Last week, the National Labor Relations Board (NLRB) threatened legal action against four states for amending their constitutions to guarantee for secret ballot elections. Labor unions have campaigned for years to eliminate the measure — veiled in legislation known as the Employee Free Choice Act (EFCA) — but the NLRB’s recent actions suggest the measure will be implemented via regulatory fiat. 
And that is only a tiny fraction of the myriad of regulations administration has been busy making via those pesky, radical czars like Cass Sunstein that most everyone overlooked.


A little closer look at the new executive order reveals further the disingenuous nature of Mr. Obama's claims. 
Section 1 Paragraph B states that "This order is supplemental to and reaffirms the principles, structures, and definitions governing contemporary regulatory review that were established in Executive Order 12866 of September 30, 1993."  Yes, that would be the one issued by Bill Clinton who got the socially responsible regulatory ball rolling as evidenced by passages like "(3) select, in choosing among alternative regulatory approaches, those approaches that maximize net benefits (including potential economic, environmental, public health and safety, and other advantages; distributive impacts; and equity);" and "(5) identify and assess available alternatives to direct regulation, including providing economic incentives to encourage the desired behavior" and "(c) In applying these principles, each agency is directed to use the best available techniques to quantify anticipated
present and future benefits and costs as accurately as possible. Where appropriate and permitted by law, each agency may consider (and discuss qualitatively) values that are difficult or impossible to quantify, including equity, human dignity, fairness, and distributive impacts." 

And, finally,

“Scientific Integrity” (March 9, 2009), and its implementing guidance, each agency shall ensure the objectivity of any scientific and technological information and processes used to support the agency’s regulatory actions.
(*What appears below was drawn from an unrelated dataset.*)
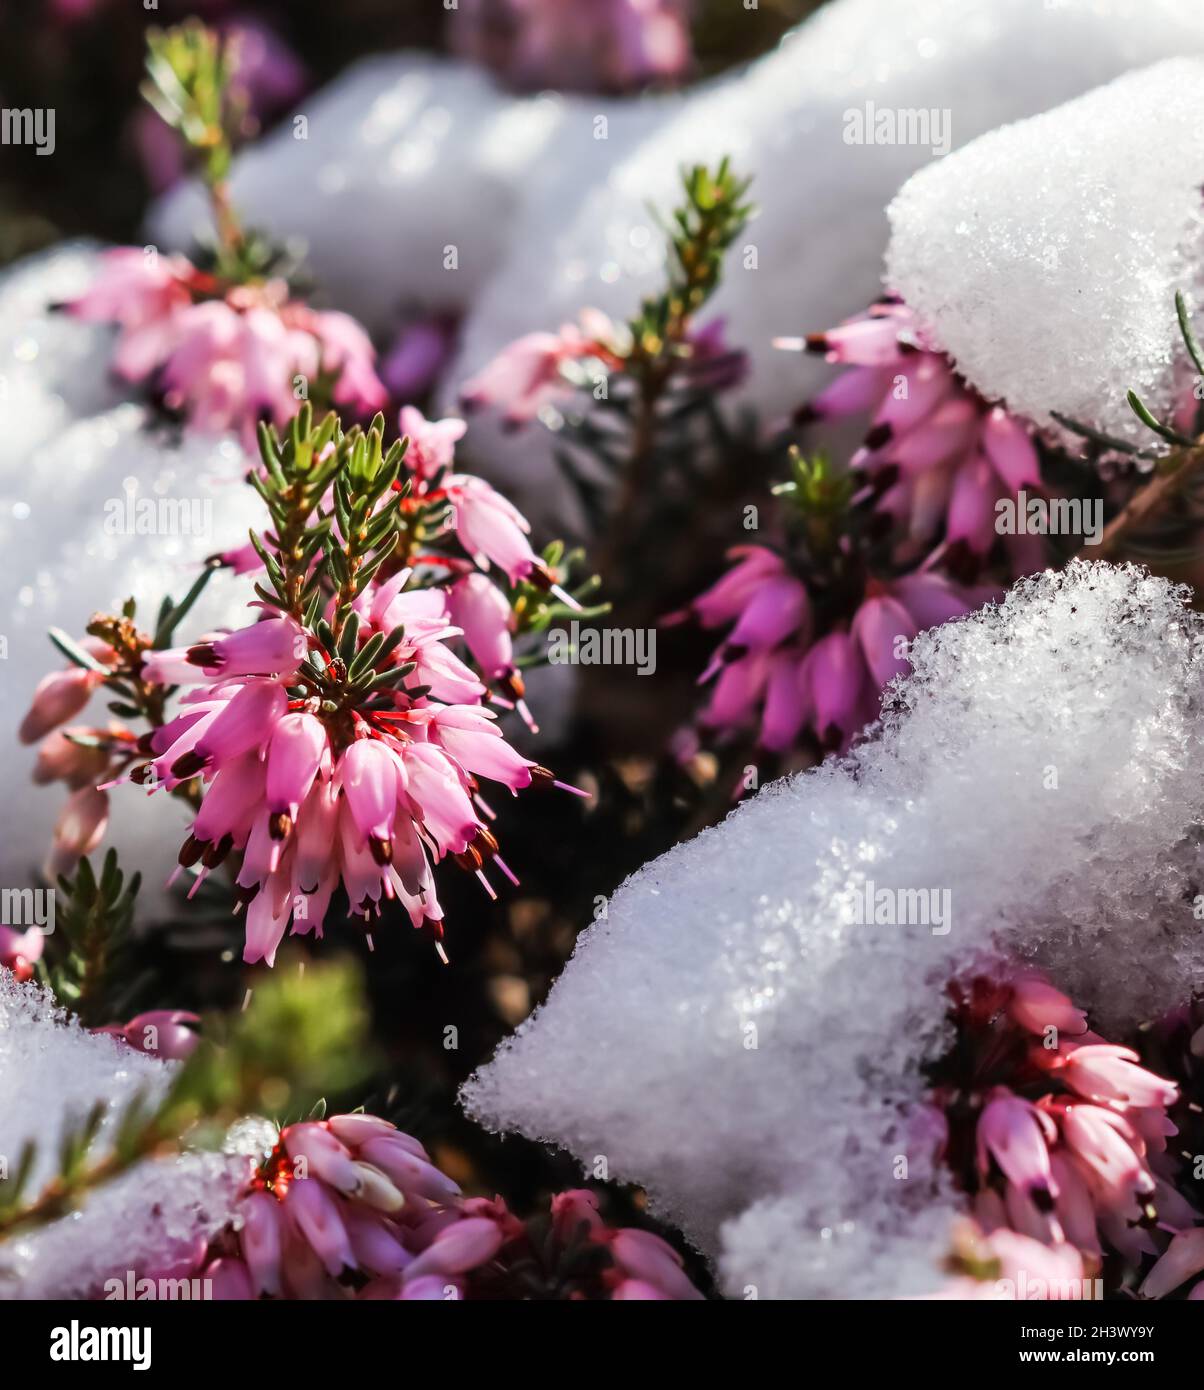 Blooming pink Erica carnea flowers (Winter Heath) and snow in the garden in early spring. Floral background Stock Photo

Coming from the same administartion which falsified the scientific consensus during the B.P. oil spill crisis, this is laughably disingenuous.

A Small Business Administration study says total regulatory costs that businesses (and thus consumers) pay amount to about $1.75 trillion—more than all collected personal income taxes. The Competitive Enterprise Institute found in this past year that the appearance of new rules—including "major" rules that cost more than $100 million annually—had dramatically accelerated.

Which isn't surprising.

When Obama was in a place of political comfort, the free market was a place of unhinged self-interest, unfairness, and misery. Nearly all of our troubles were portrayed as a case of regulatory neglect—and nearly every dilemma was met accordingly.

Nothing has changed but the political conditions for this ideologue of a charlatan sullying the White House.